The first possible answer to exactly what that the tunnel that I had to reverse down was, was that it could of been part of the old Underground Tramway which linked the Strand to the Kingsway. There are two known entrances that lead down to tunnels, one is now what forms the road tunnel accessible from Waterloo Bridge and then re-appearing in the Kingsway. The other entrance is now disused and was once where the Trams would descend below ground to the underground stations enroute to the Aldwych.
The photographs and videos above show the entrance to the old tramway underpass, it shows the type of steep slope I reversed down and it 'almost' matches my description above, as in the angle of road seems similar and it resides in a similar approximate location.
Yet it still does not seem right...
These pictures show that the entrance is very much 'open' to public view, not discretely hidden behind gates, and it is not sealed with strong Blast style Doors, nor does it open up to a wide 'Football pitch' size area. The tunnels shown are very high but narrow, the area I saw that day was both very high and very wide.
Compare the photographs, notice the double deck Tram descending at an angle in 1952, now compare the height of the tunnel entrance as it is today, is it just me or does the entrance not look high enough to allow a high Tram to enter?
One thing that I ask myself about it is, "Did the twin deck Trams actually travel as far below the ground as we were taken?",
If so, then did they have power to climb such a steep incline to get back out? The internal tunnel incline I drove down was even steeper than the external ramp, and the modern day Ambulance I was driving struggled to climb it!

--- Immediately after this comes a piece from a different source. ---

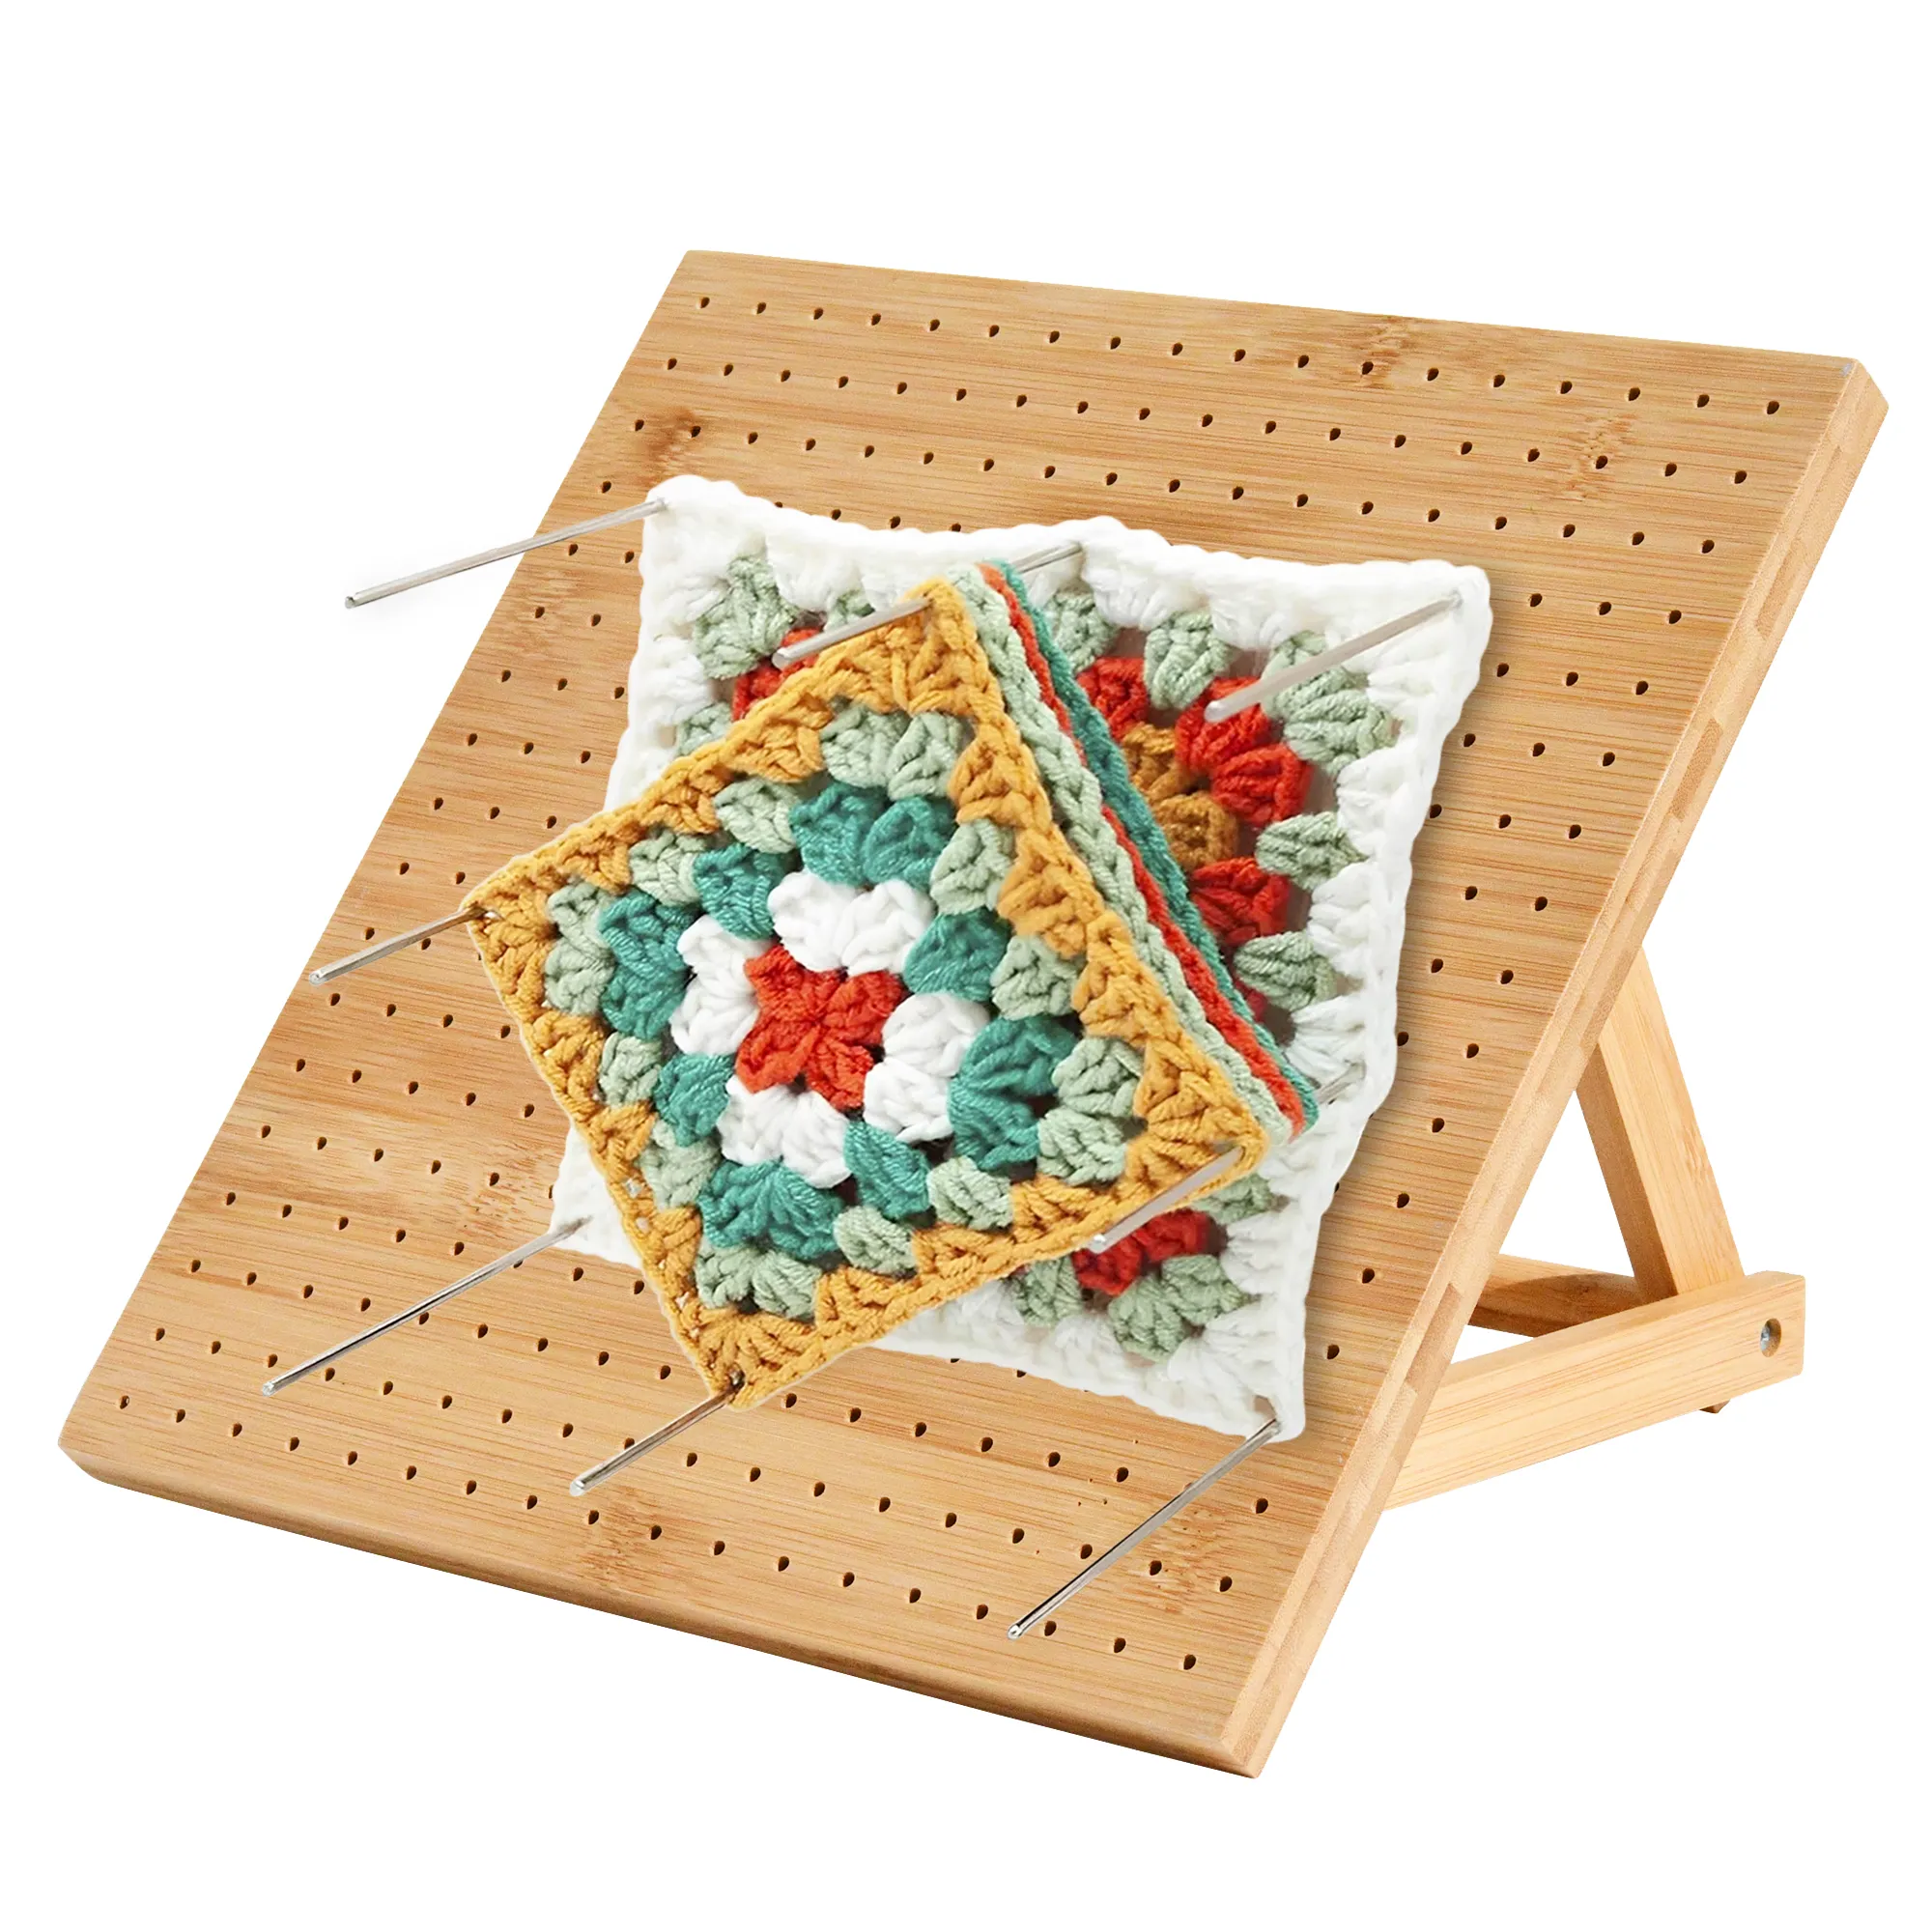 Eco-friendly Expandable Bamboo Wood Blocking Board For Crochet As Gift For Mother

Evidently between 1974 and 1984, part of the Holborn Tram Stop was used as the 'London Flood Defense Centre' which was later moved to the new Thames Barrier. This would explain the activity below ground, but if this was the same tunnel that I entered in 1982,
then why did I not see it?, and why was everything so secretive with our patient and hospital run?

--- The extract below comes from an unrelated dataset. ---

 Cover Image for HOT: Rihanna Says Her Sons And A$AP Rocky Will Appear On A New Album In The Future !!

If you are interested in the closed and disused stations of the underground railway, or parts of London that are now hidden from public view, then more information and photographs about the Kingsway Tram Underpass and other Deep Shelters can be found at the following website..
So the Kingsway Tram Underpass and its use as the Flood Defence Control could be one possible answer, yet so much seems to differ from what I saw on our night time subterranean escapade in 1982. and the following niggling questions make me doubt it so much.
How does that explain the secrecy we encountered?
Why was there a need of a Doctor & Nurse to be on-site, and why wasn't we allowed to attend the patient?
Why did I not see the Flood Defense Potacabins?
Why was there need for so many people, the floodlighting, the electric tugs?
And where is the 'Football pitch' expanse that I glimpsed in rear view mirrors?
There a far too many inconsistencies. The entrance ramp although similar in angle leading up to the Kingsway, is far too open, not camouflaged and hidden from sight by gates and doorways and nor does it have Blast style protection. The tunnel beyond the entrance is wider and taller than the narrow low almost tube like tunnel I drove in. The rate of descent angle appears far less, surely if a tram had descended that angle its passengers would be falling out of their seats and would have made their journey resemble a Big Dipper ride. From what is shown in the later photographs, the tunnel resembles a construction site, not the almost 'Clinical' clean complex that I saw.
Was this the complex we entered and descended that night, or is there more than one ?
If it was the one, then what 'secret activity' was going down there ?
And if it was not the one, then where on earth is the other one?